Existe uma relação íntima entre o cisne e o caule do lótus. Logo, a comparação é muito apropriada: sem tornar-se um cisne, ou paramahaṁsa, ninguém pode entrar nas malhas dos pés de lótus do Senhor. Como se afirma na Brahma-saṁhitā, os especuladores mentais, embora recorram ao conhecimento erudito, não podem nem mesmo sonhar com a Verdade Absoluta, mesmo que especulem sobre ela por toda a eternidade. O Senhor Se reserva o direito de não Se expor a esses especuladores mentais. E como não podem entrar nas malhas formadas pelo caule dos pés de lótus do Senhor, todos os especuladores mentais chegam a conclusões diferentes e acabam propondo uma conciliação inútil, dizendo que cada método produz uma conclusão que se coaduna com a tendência do próprio indivíduo (yathā-rucam). Mas o Senhor não é como um comerciante que, no mercado da especulação mental, tenta satisfazer todas as classes de fregueses. O Senhor é o que Ele é, a Absoluta Personalidade de Deus, e exige total rendição apenas a Ele. Entretanto, seguindo os caminhos dos ācāryas ou autoridades anteriores, o devoto puro pode ver o Senhor Supremo através do meio transparente, o mestre espiritual genuíno (anupaśyanti).

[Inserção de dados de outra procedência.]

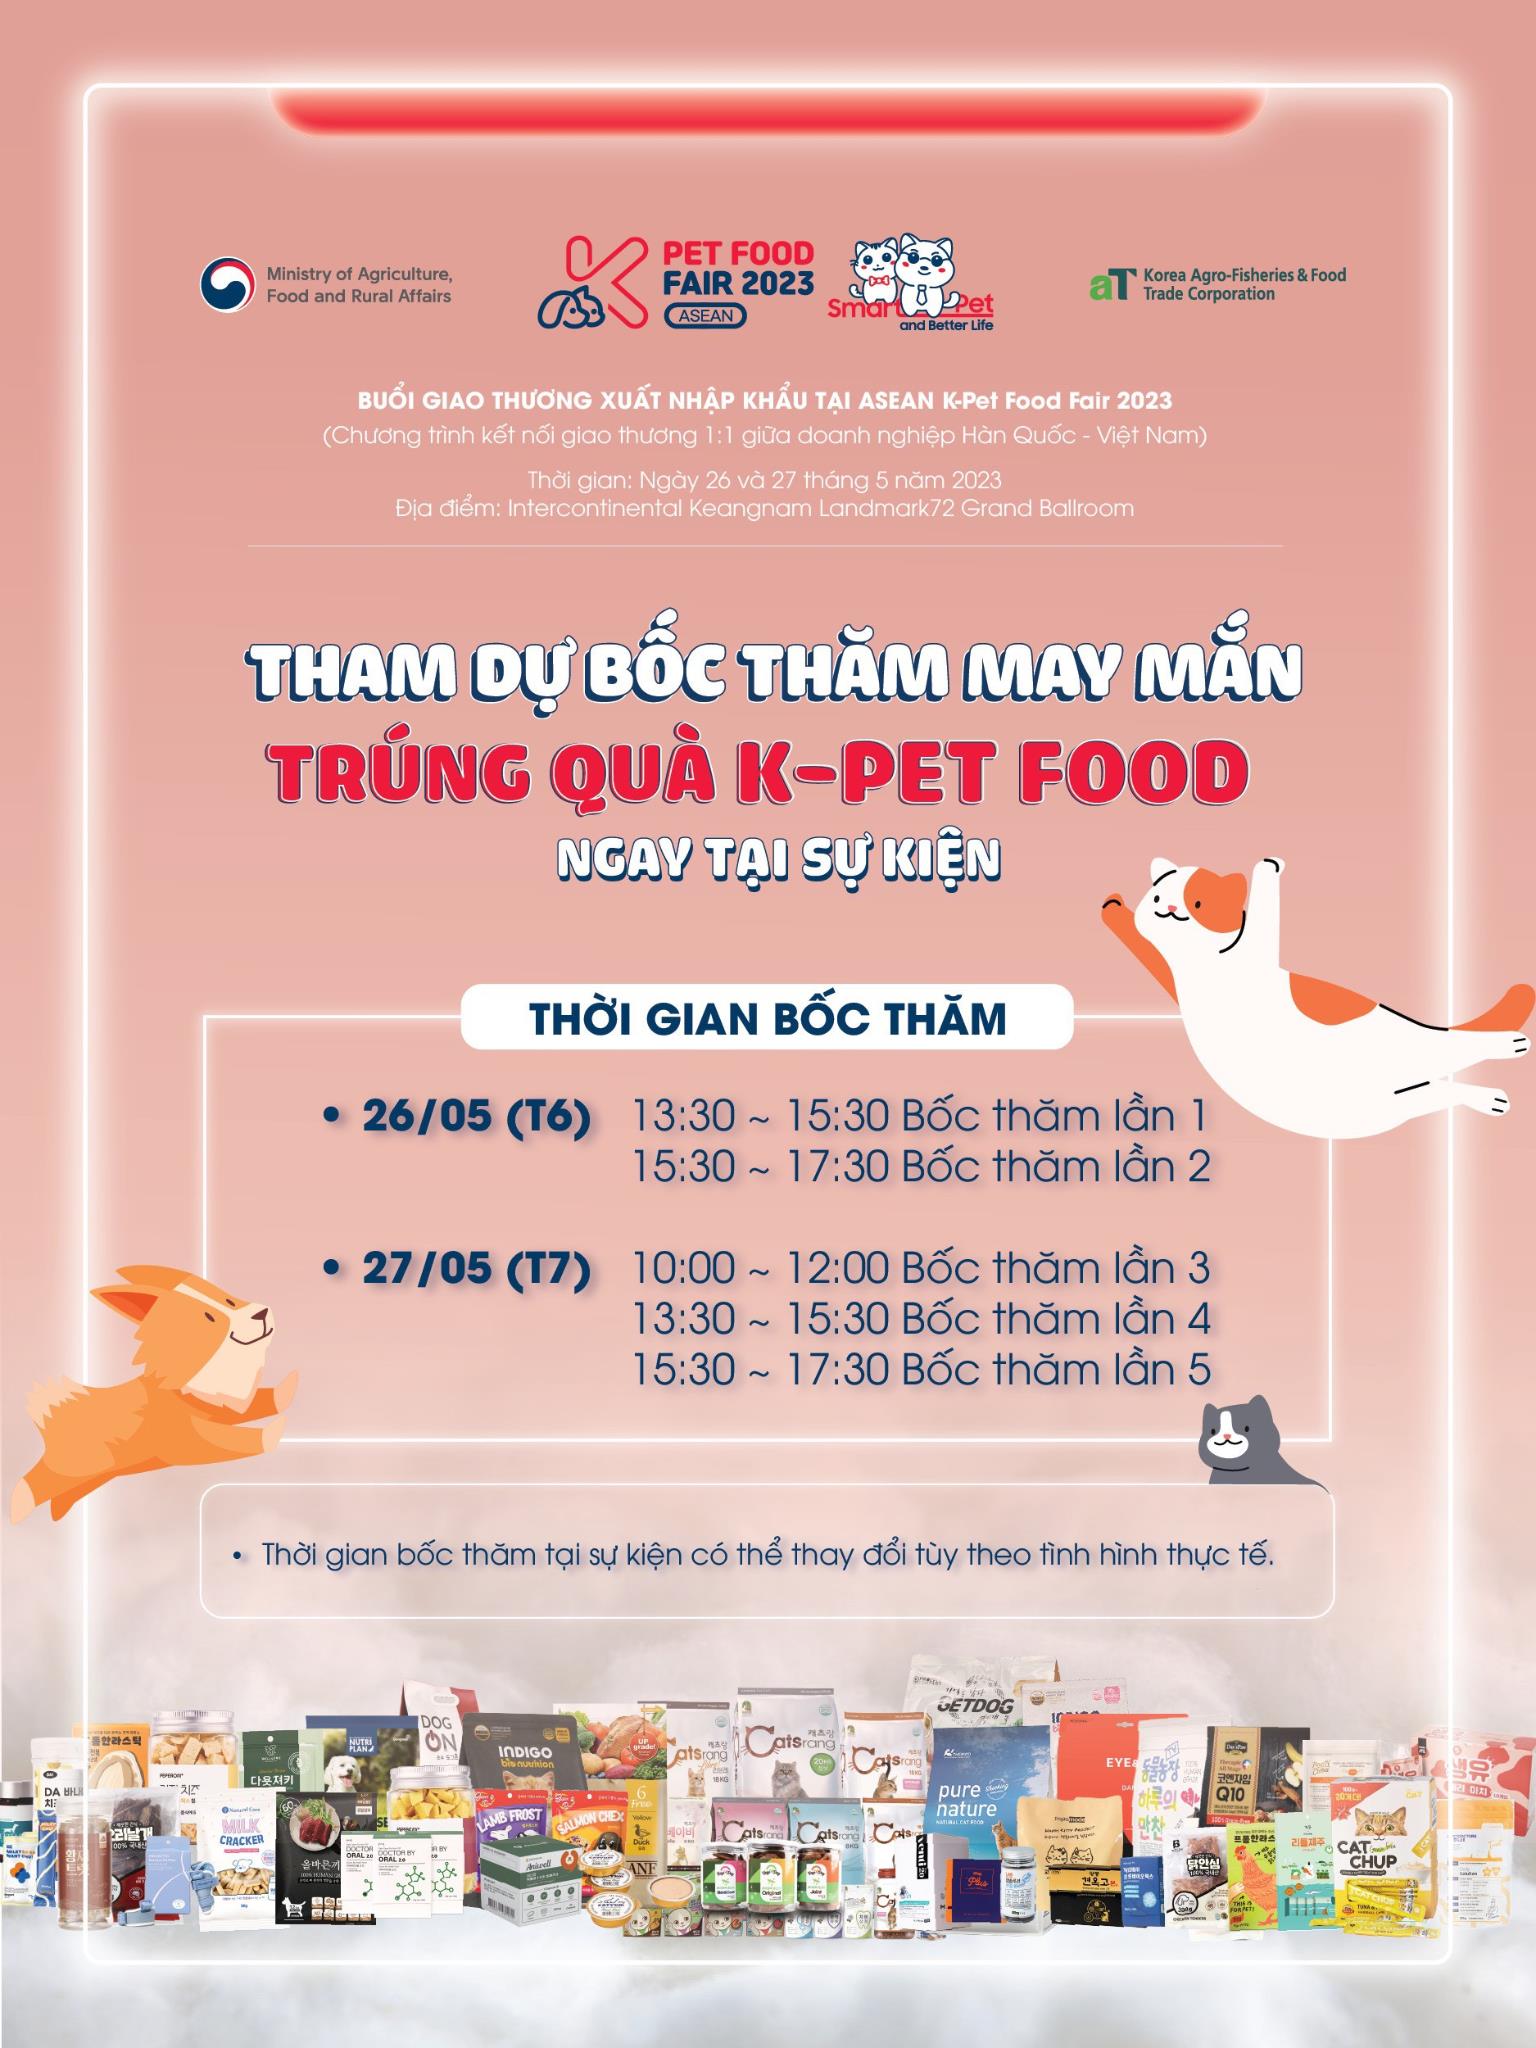 K-Pet Food Fair 2023 - Chương trình kết nối giao thương 1:1 hấp dẫn giữa doanh nghiệp Hàn Quốc và Việt Nam - Ảnh 1.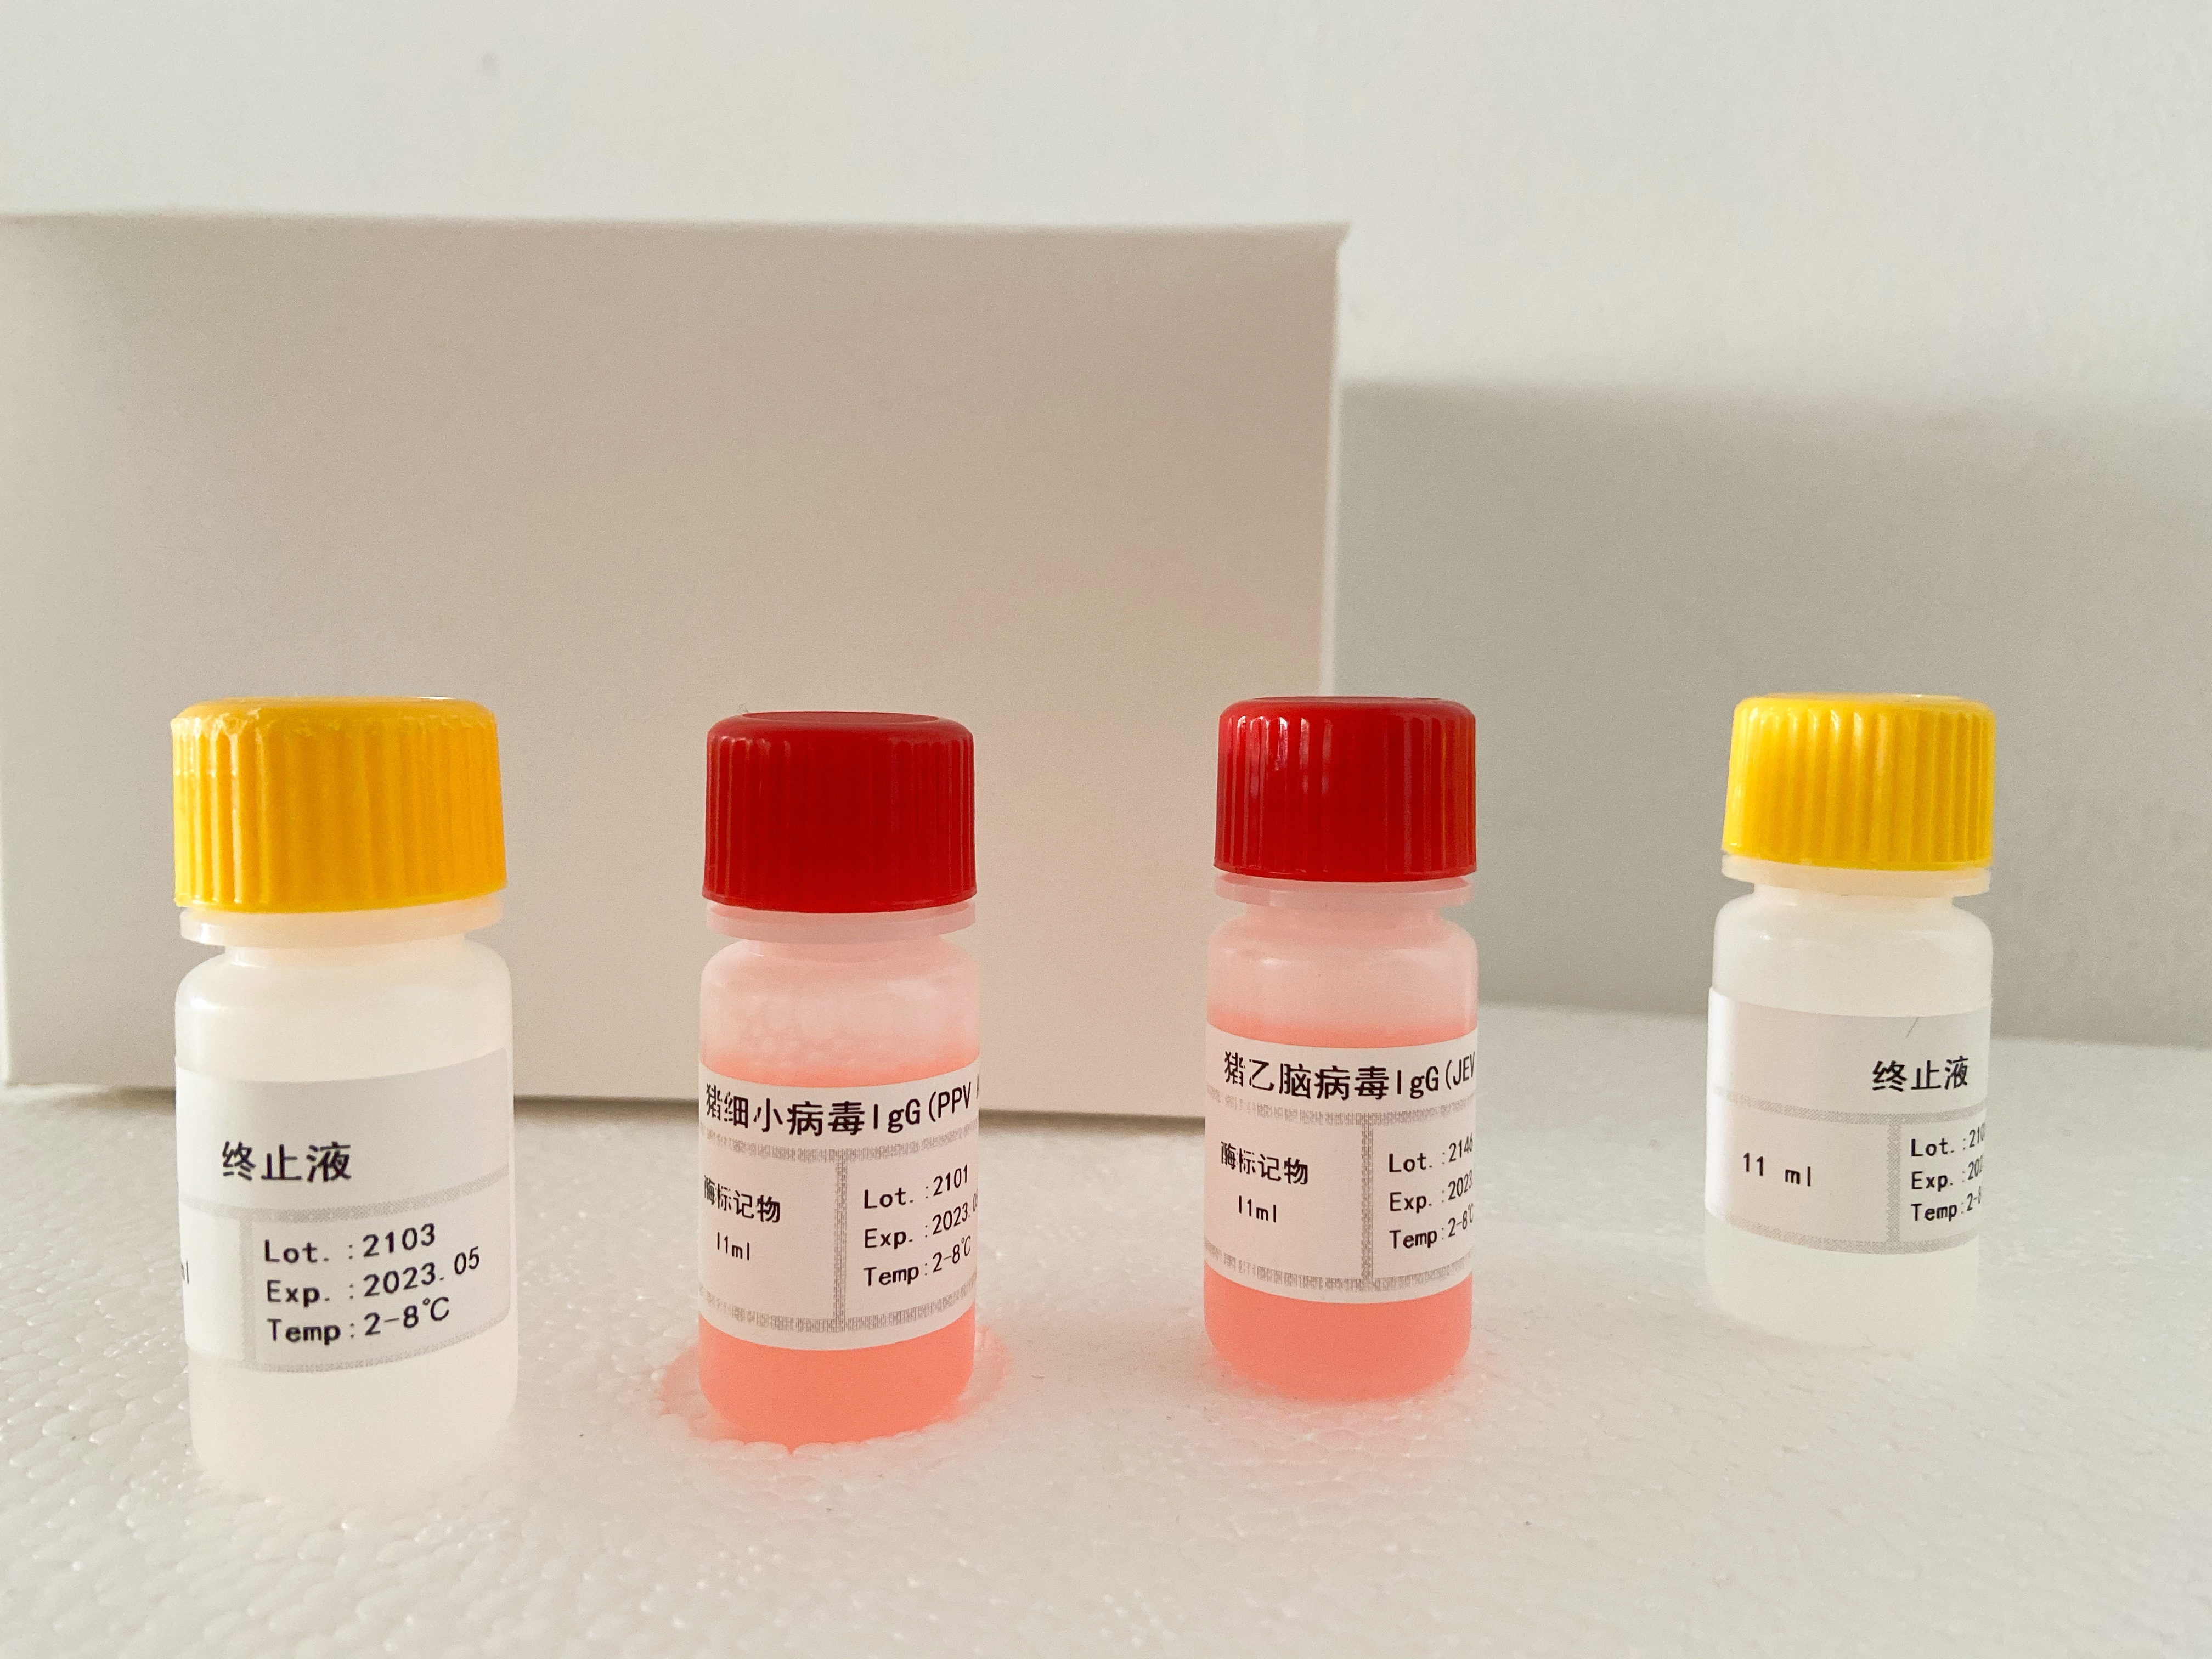 小鼠胶质细胞系来源的神经营养因子(GDNF)检测试剂盒

O devoto puro nunca tenta ver o Senhor através da especulação mental, mas através de seguir os passos dos ācāryas (mahājano yena gataḥ sa panthāḥ). Portanto, os ācāryas vaiṣṇavas não divergem em suas conclusões no tocante ao Senhor e aos devotos. O Senhor Caitanya afirma que a entidade viva (jīva) é um servo eterno do Senhor e que ela é ao mesmo tempo igual ao Senhor e diferente dEle. Esse tattva do Senhor Caitanya é compartilhado por todos os quatro sampradāyas da escola vaiṣṇava (todos os quais aceitam que, mesmo após a salvação, a entidade viva continua servindo ao Senhor), e não há nenhum ācārya vaiṣṇava autorizado que pense que o Senhor e ele próprio são iguais.
Essa humildade do devoto puro, que está cem por cento ocupado em Seu serviço, põe o devoto do Senhor em um transe no qual ele passa a compreender tudo, pois o Senhor Se revela ao Seu devoto sincero, como se afirma na Bhagavad-gītā (10.10). O Senhor, sendo o senhor da inteligência em todos (até mesmo no não-devoto), favorece o Seu devoto com inteligência adequada para que o devoto puro automaticamente se ilumine com a verdade insofismável sobre o Senhor e Suas diferentes energias. O Senhor não é revelado pelo poder especulativo ou pelo jogo de palavras sobre a Verdade Absoluta. Ao contrário, Ele Se revela ao devoto quando está plenamente satisfeito com a atitude de serviço do devoto. Śukadeva Gosvāmī não é um especulador mental nem está comprometido com a teoria segundo a qual “cada processo tem uma conclusão que é válida para o processo em questão”. Em vez disso, ele ora unicamente ao Senhor, invocando Seu prazer transcendental. Esse é o método para conhecer o Senhor.